EXERCISE DETAILS
Give back the full listing, character for character, with no pictures.

======== SUPPLIED INFORMATION

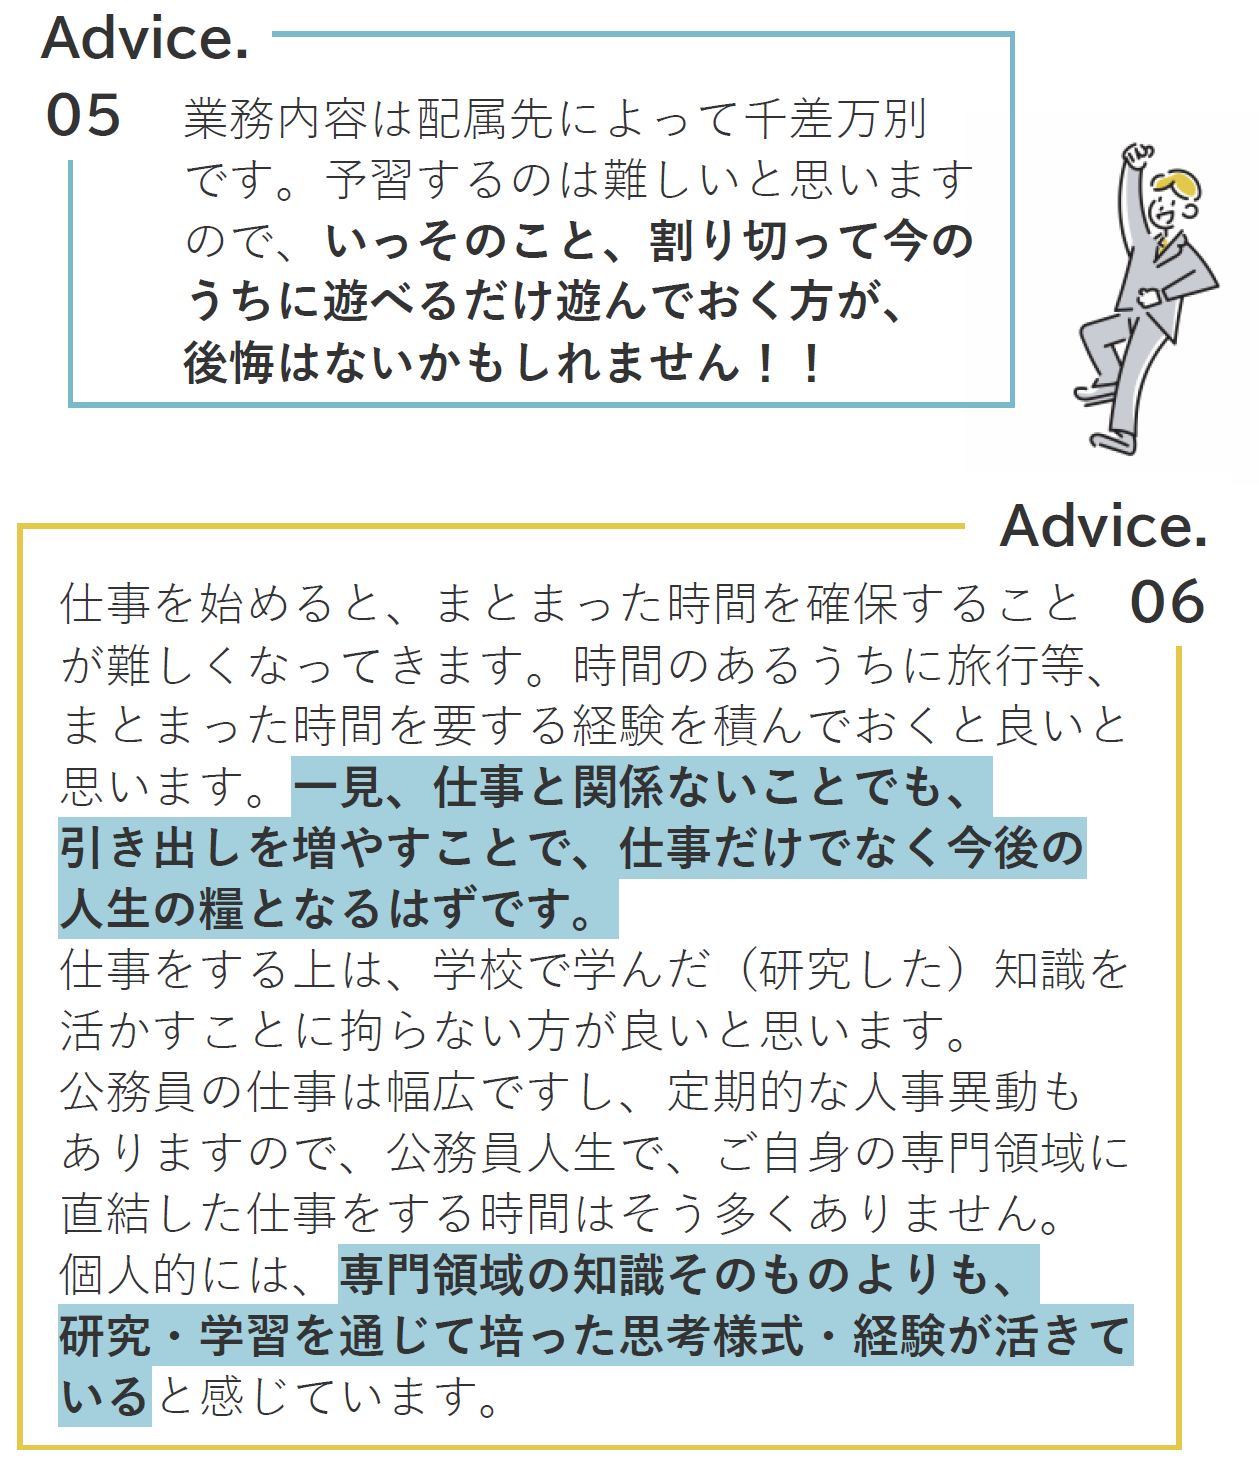 advice-03
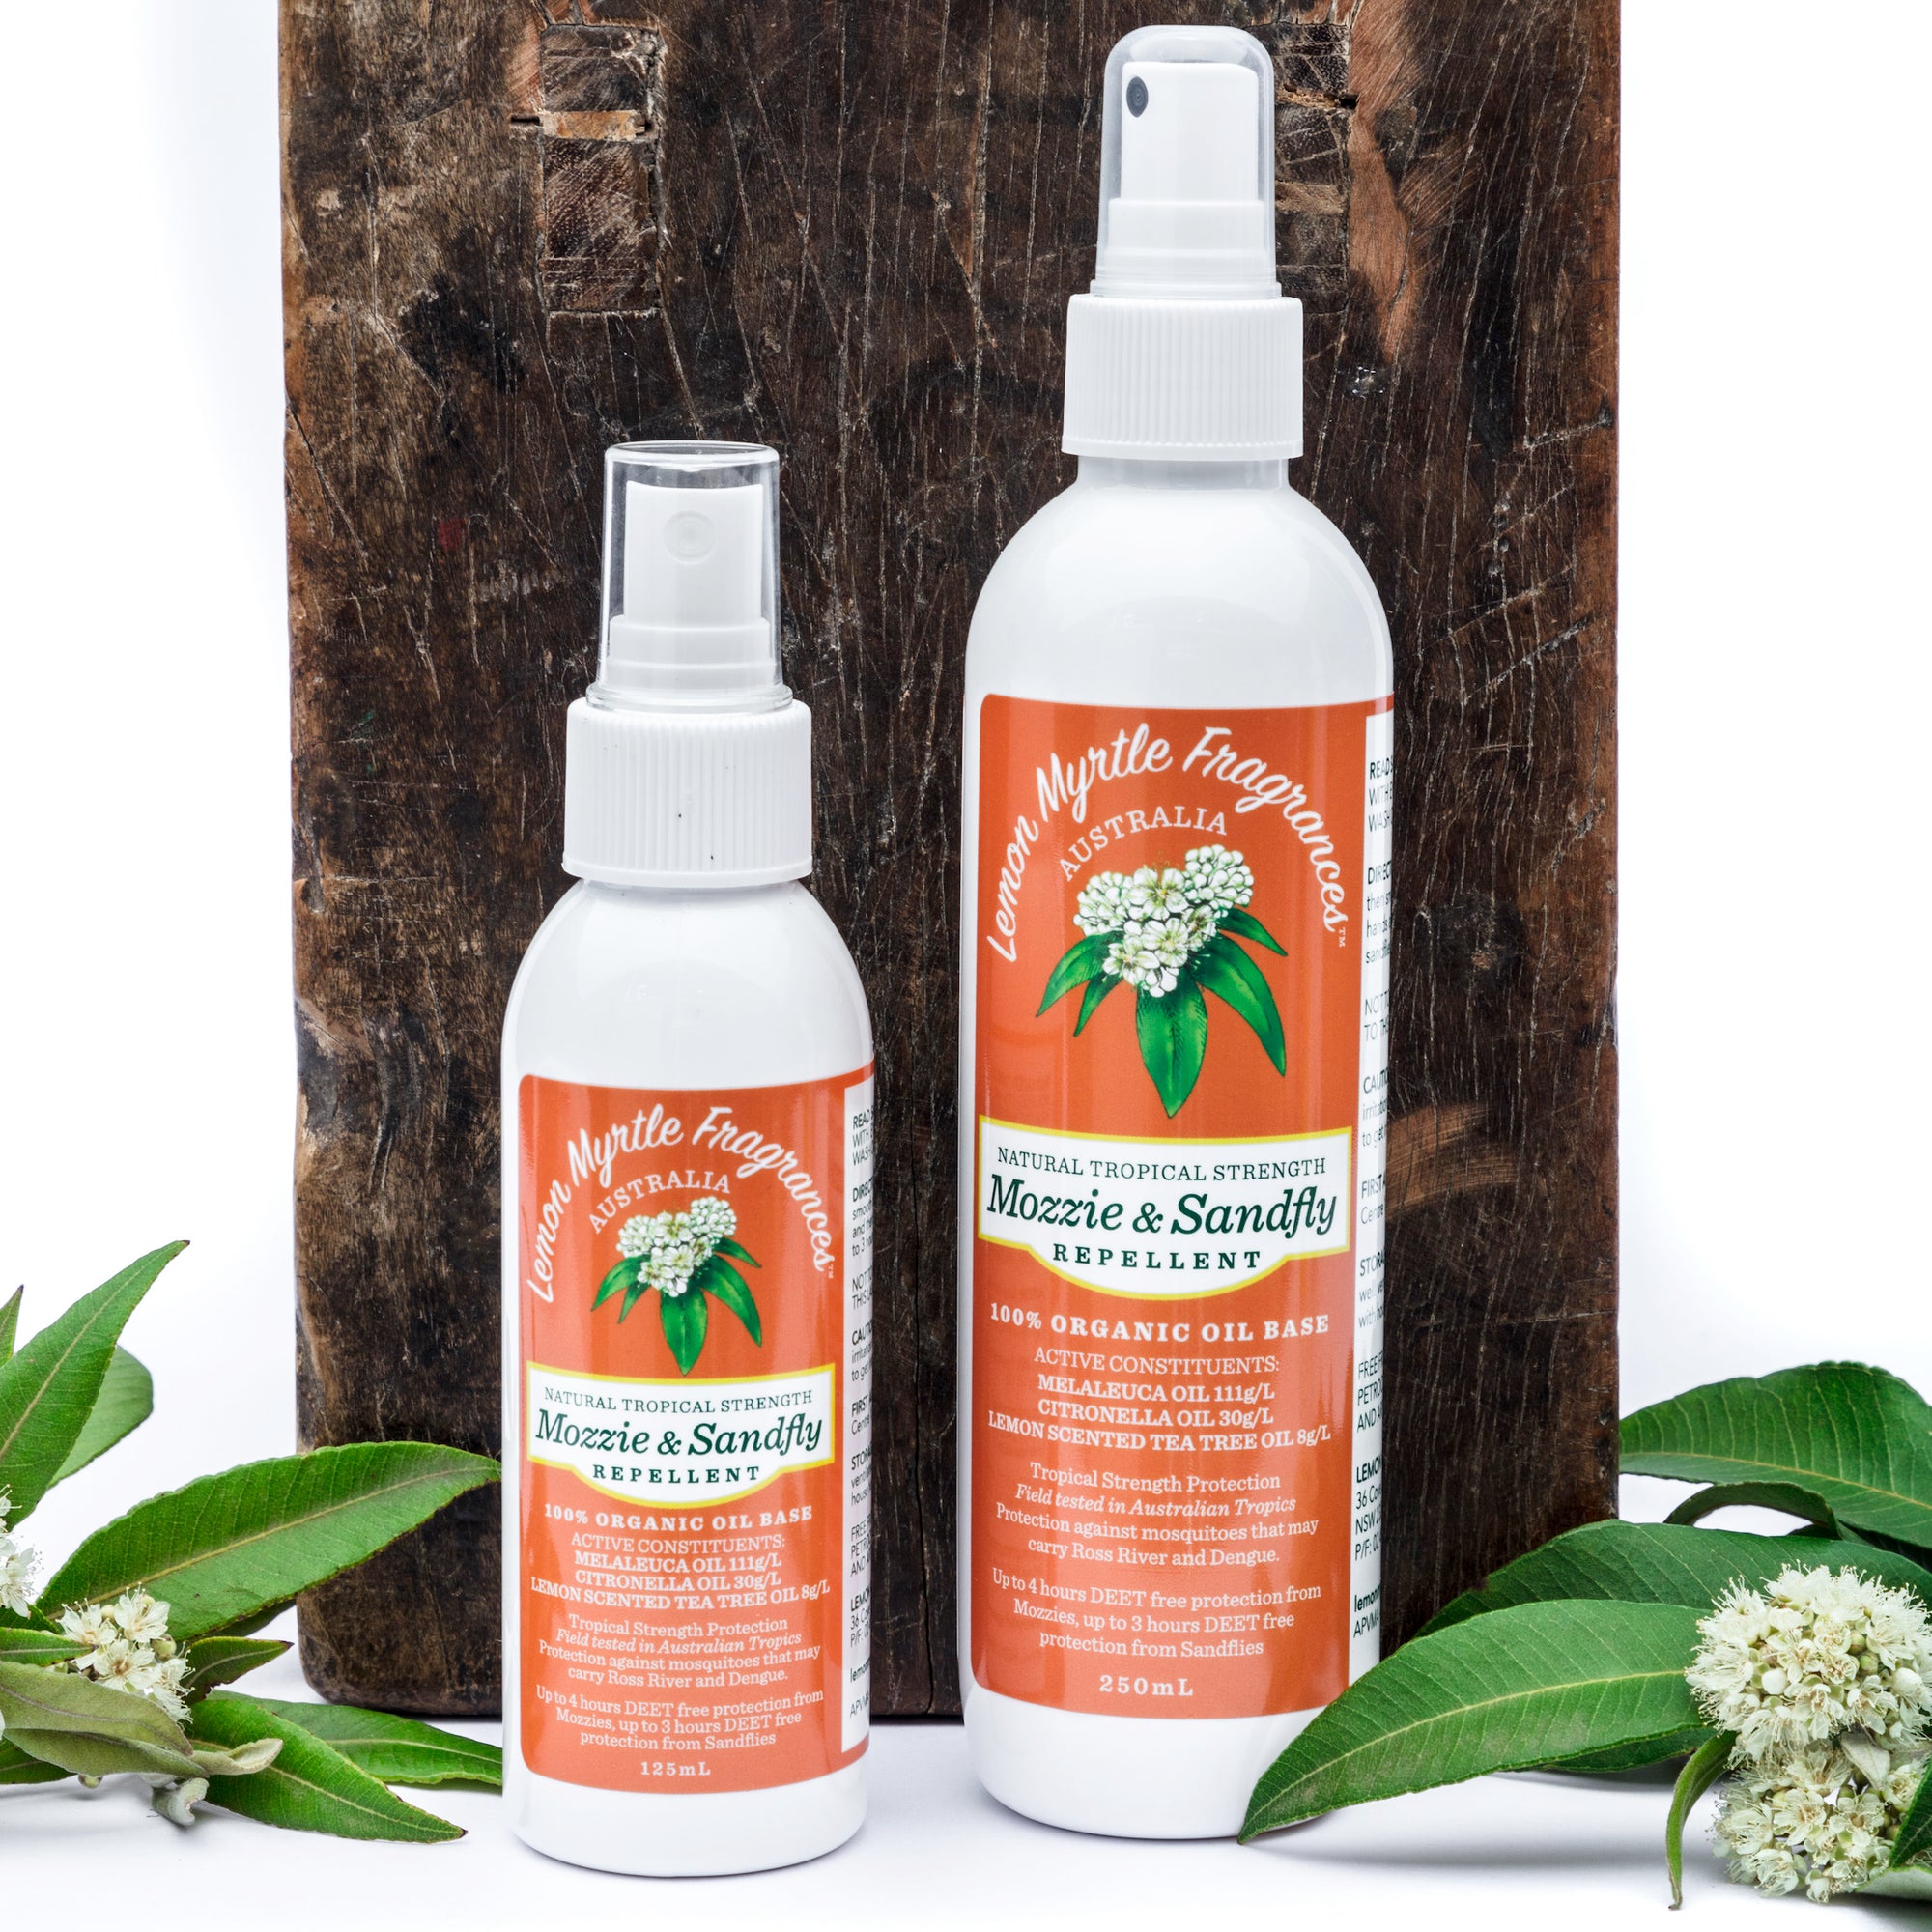 Lemon Myrtle Fragrances Natural Tropical Strength Mozzie & Sandfly Repellent
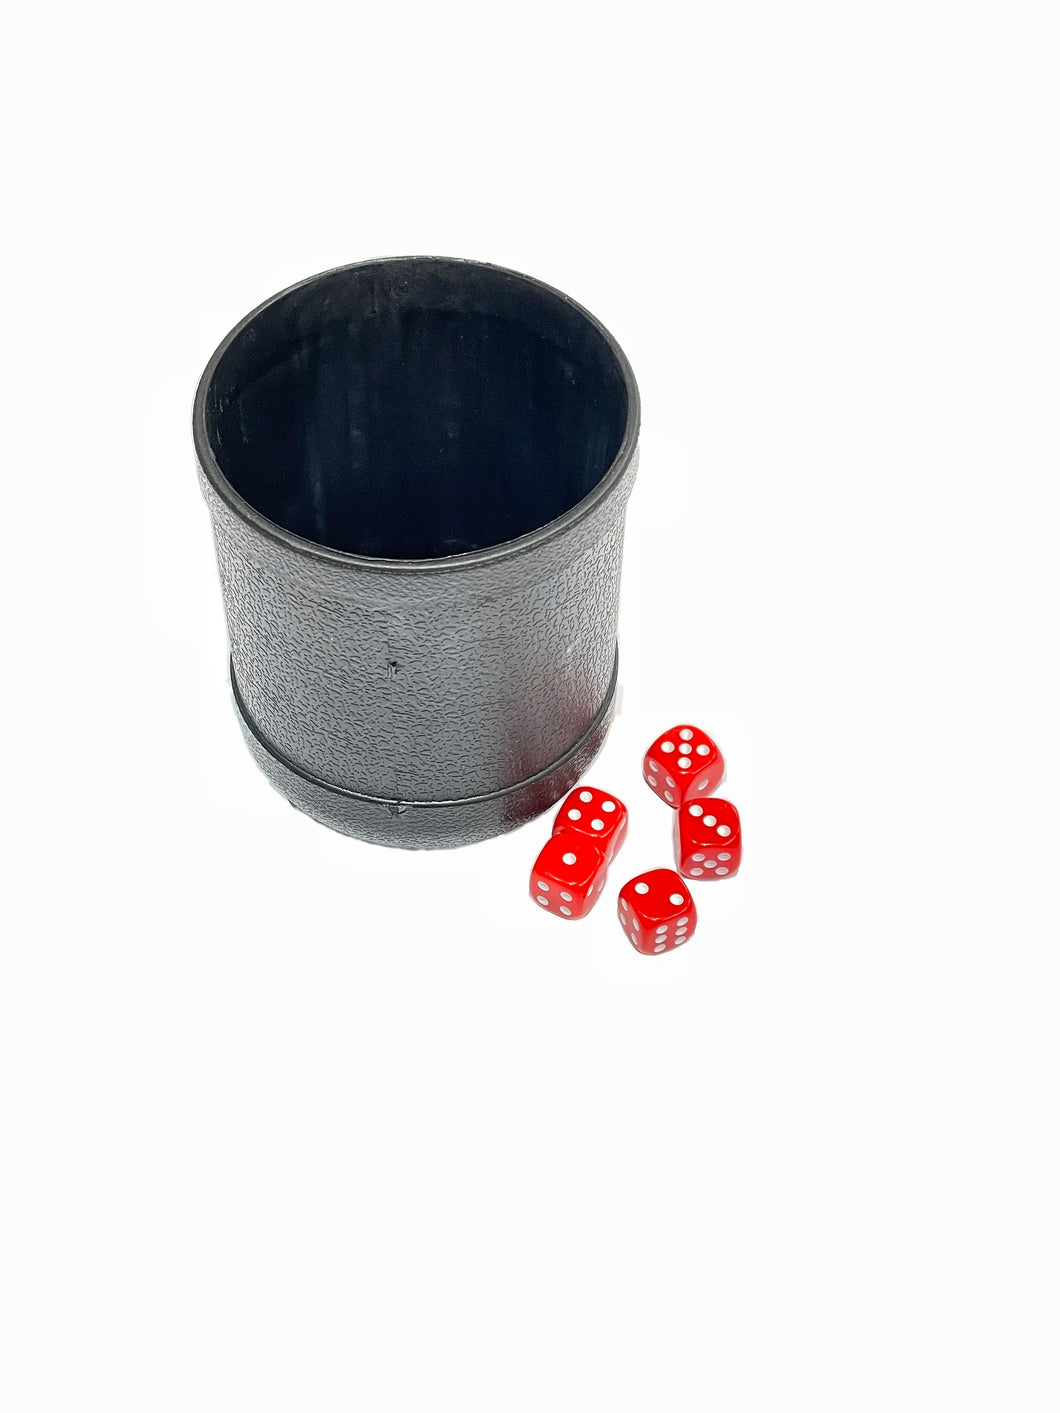 Dice Cup - Black with 5 Dices <br>  黑色骰盅和5顆骰子

================

OUTPUT OF THE TASK
 advice-03
 Lemon Myrtle Fragrances Natural Tropical Strength Mozzie & Sandfly Repellent
 Dice Cup - Black with 5 Dices <br>  黑色骰盅和5顆骰子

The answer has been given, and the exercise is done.